Fact-free op-ed gets it wrong. The truth: Ohio's renewable energy, energy efficiency standards creating jobs, saving money right now

What makes this environmentalist skeptical? When a post-election commentator employed by a big-business-loving “libertarian” think tank interprets the 2010 Ohio election results as a mandate for his employer’s dirty energy agenda. The relevant op-ed appeared in today’s Cincinnati Enquirer. The commentator, Paul Chesser of Chicago’s own Heartland Institute, argues – using no information beyond a lazy read of Ohio’s energy law – that Ohio voters “repudiated the campaign to demonize "Big Oil" and the coal industry” and that Ohio’s energy law should thus be repealed. Leaving aside that there’s no such thing as a mandate for particular issues in general elections – commentators and politicians basically try to convince others that the will of the voters align with their pet issues – Chesser completely ignores that Ohio’s renewable energy and energy efficiency standards are saving customer’s money, creating jobs, and cutting pollution right now.

Energy efficiency – getting the same hot showers and cold beers using better practices or technology – is the cheapest and cleanest source of energy available. It generally costs much less to save energy than it does to build something new or even operate existing power plants. The CFLs Chesser demonizes have a 200% return on investment, paying back their additional cost in 6 months or less; also, even if customers were to intentionally break them, they would still release less mercury than a coal plant that powers an old incandescent. The efficiency programs operated by Ohio utilities in 2009-2011 will lower the energy bills of Ohio’s consumers and businesses by an estimated $386 million over the technologies’ lifetime.

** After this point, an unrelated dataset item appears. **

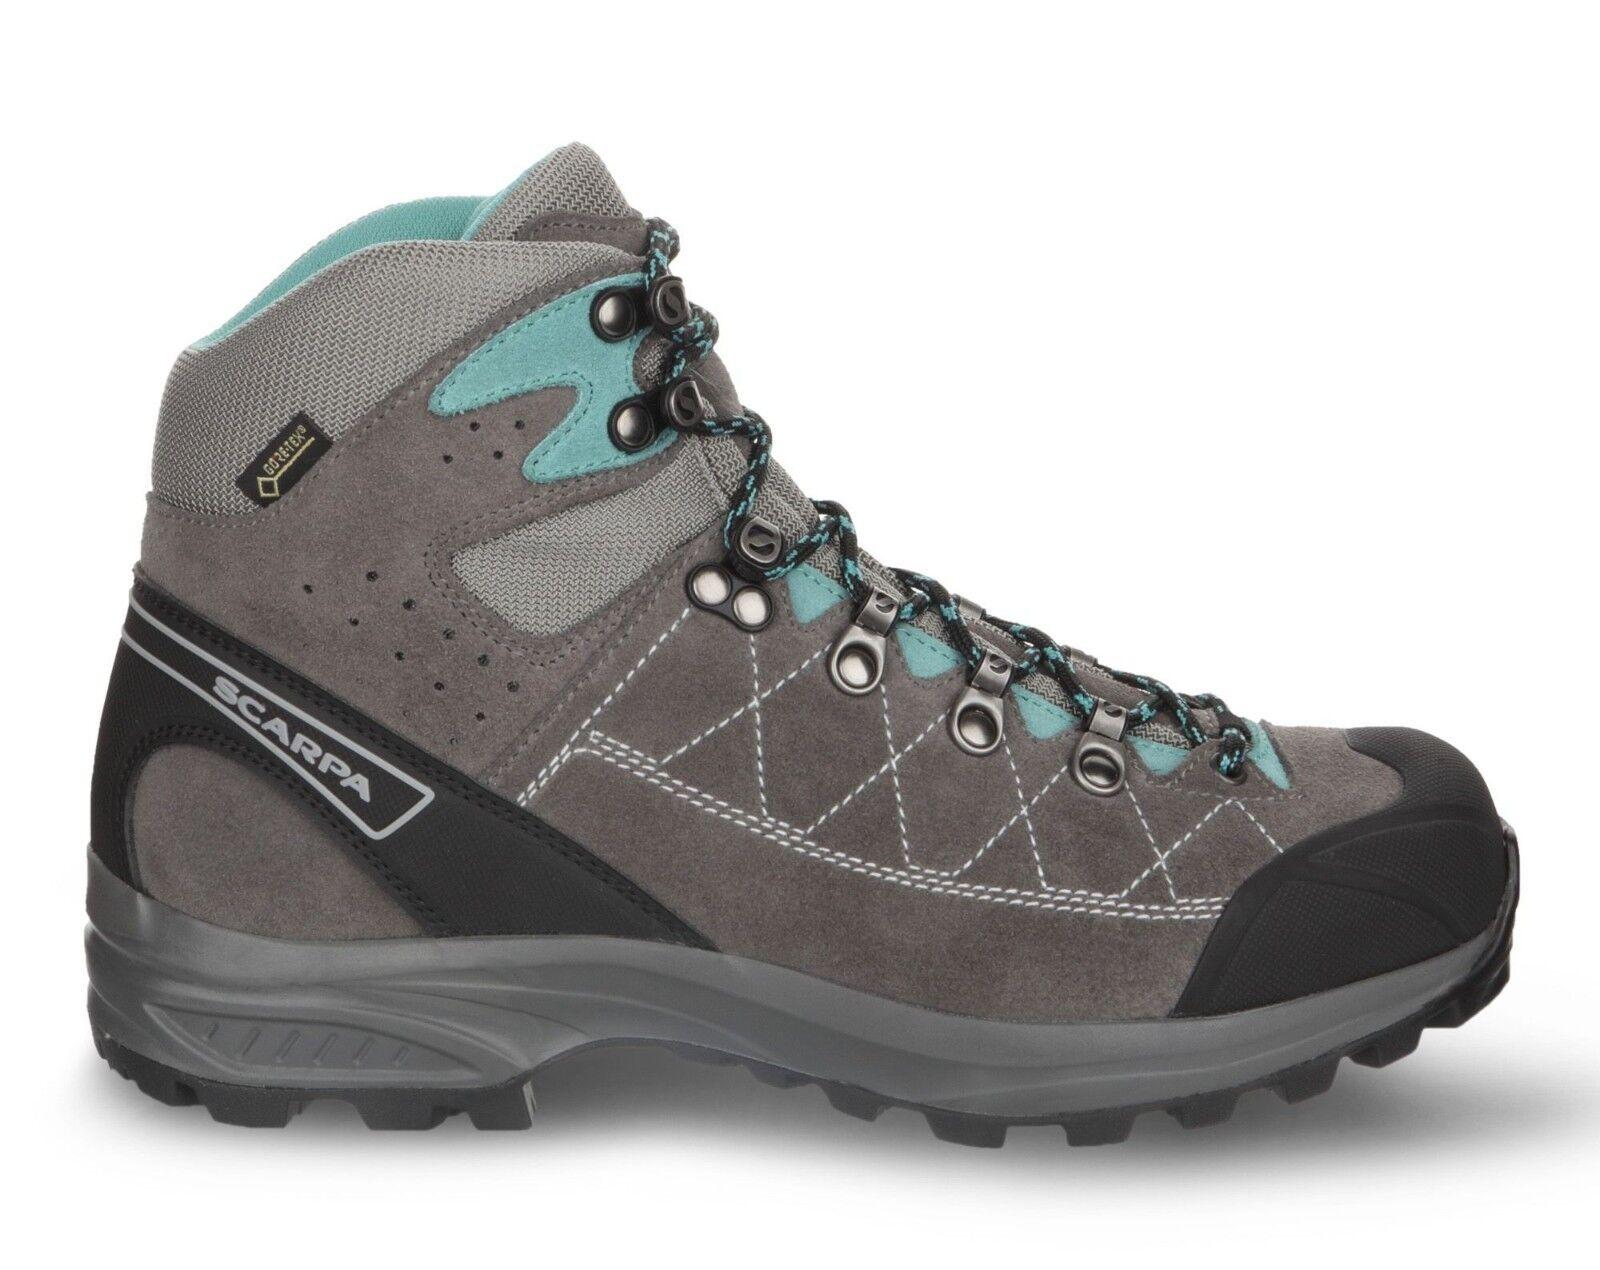 Scarpa 61056 202 Women's Kailash Trek GTX Gore-Tex Vibram Trail Hiking Boots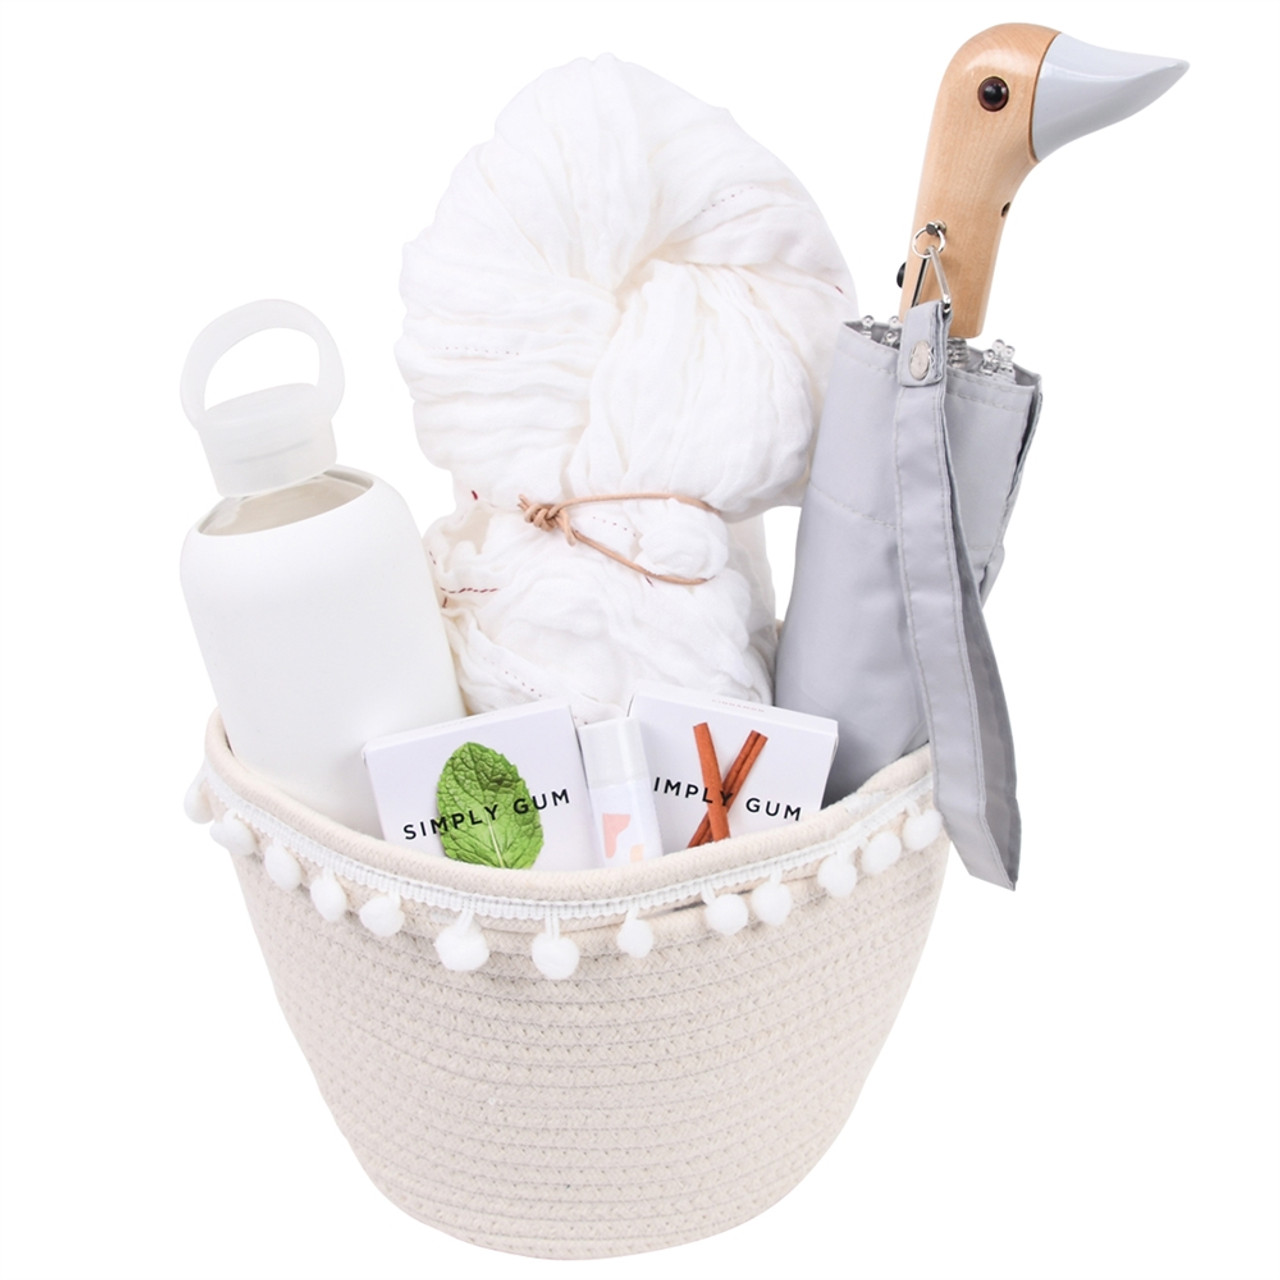 Birthday gift Basket for Women  - On The Go

The renewable energy standard Chesser refers to is already creating good jobs for Ohioans. American Electric Power-Ohio last year inked a 20-year agreement with Wyandot Solar to purchase energy from a large solar farm near Upper Sandusky, Ohio, using solar panels supplied by Ohio’s own First Solar. More spectacularly, this October, AEP signed an agreement to buy power from a 49.9 MW solar farm in southeast Ohio, creating 300 permanent jobs and 300 temporary construction jobs. Other Ohio utilities are taking similar steps.

Ohio’s has the right policies to nudge it toward a clean energy future based on efficient use of electricity and advanced manufacturing of renewable energy systems. Chesser tries to make this a partisan issue, but he ignores that these policies were passed unanimously by Ohio’s Republican-controlled Senate, and that other states in the region are moving along the same path. Illinois’ utility reform legislation, which included similar policies, was also passed unanimously. Indiana’s Republican Governor, Mitch Daniels, has also strongly supported energy efficiency; his Utility Regulatory Commission last year implemented an energy efficiency standard as stringent as Ohio’s.

Chesser wants Ohio to keep producing energy the same way, and using it with the same waste it has for decades. In a global economy, that is a recipe for stagnation, not growth. Ohio would do better listening to rare bipartisan agreement in the legislature, and support from the business community: how often do we get that sort of thing these days?